Илья Штемлер - Взгляни на дом свой, путник!
Позади бесцельное всенощное блуждание среди таких же неприкаянных «палубных» пассажиров. Конечно, можно было прикорнуть в мягком самолетном кресле, что стояли в салоне, или, на худой конец, прилечь на чисто вымытом дощатом полу, где-нибудь в сторонке, как туристы из Германии. Полночи они распевали песни, хохотали и целовались. Угомонились часа в три, вольно раскинувшись на полу, точно на поле брани, после сражения…
Но спать мне не хотелось, видно, сказывалась «тренировка», многолетняя привычка сидения ночами за столом, в своем далеком отсюда, ленинградском кабинете.
На верхней палубе, у поручней, я заметил молодого человека в грузинской суконной шапочке. Одного из тех, кто осаждал киприотов электрическим самоваром там, в Лимасоле.
Приличия ради я постоял немного рядом.
Полная луна великодушно стелила под самый нос парома серебристый шлейф, и паром, казалось, скользит по нему, точно по единственной тропинке в темном безликом море.

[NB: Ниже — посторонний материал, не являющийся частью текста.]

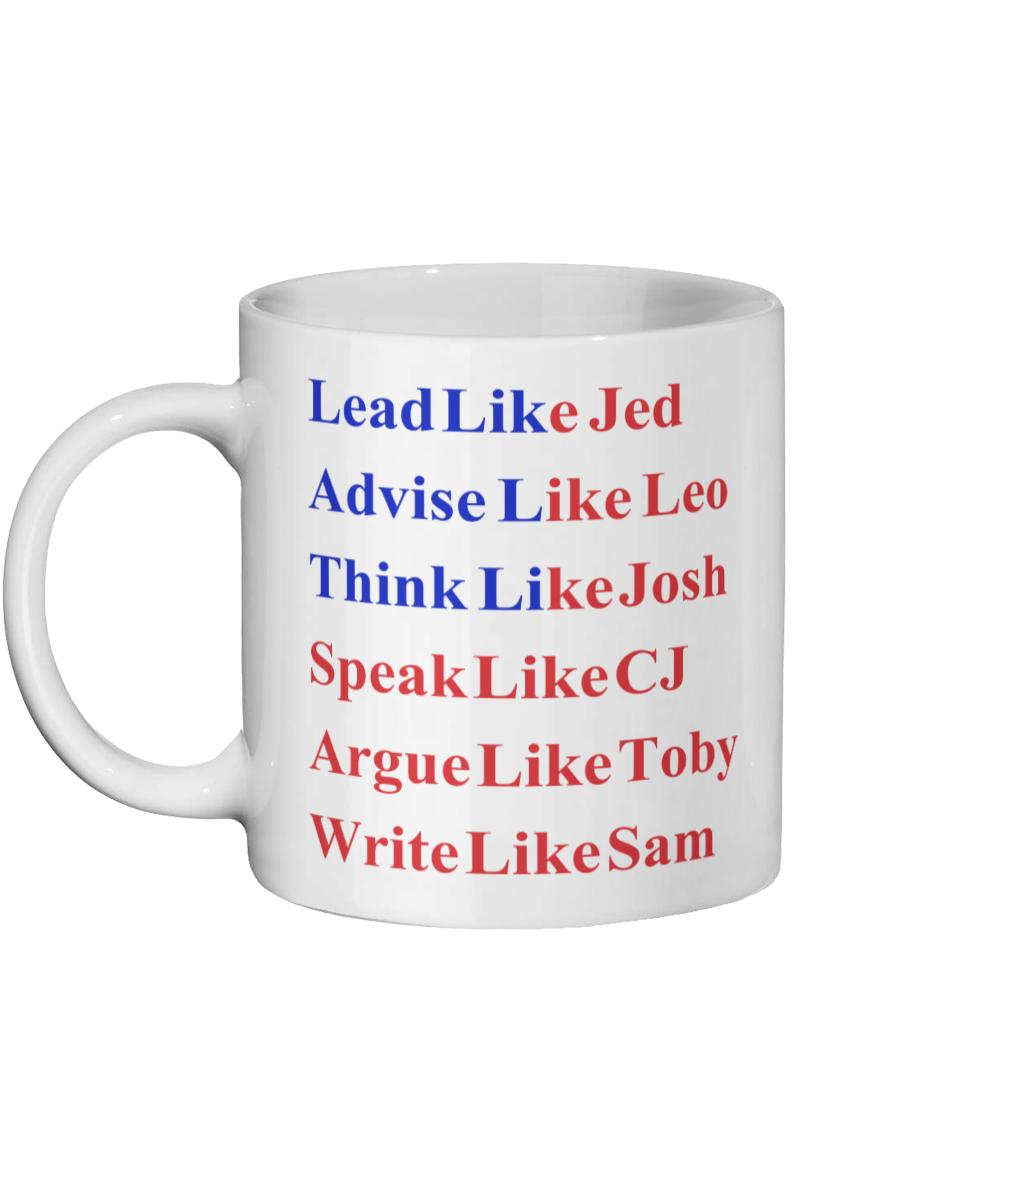 Lead Like Jed Flag West Wing Mug Left-side

– Извините, – проговорил я. – Мне очень интересно, почему вас при посадке на паром отвели в сторону… полицейские?
Молодой человек молчал. Вероятно, решал, стоит ли со мной вообще разговаривать.
– Почему только меня? – наконец проговорил он. – Еще троих из Грузии. Одного из Азербайджана…
Я растерялся.
– Мне кажется, с нами едет довольно большая группа людей с Кавказа…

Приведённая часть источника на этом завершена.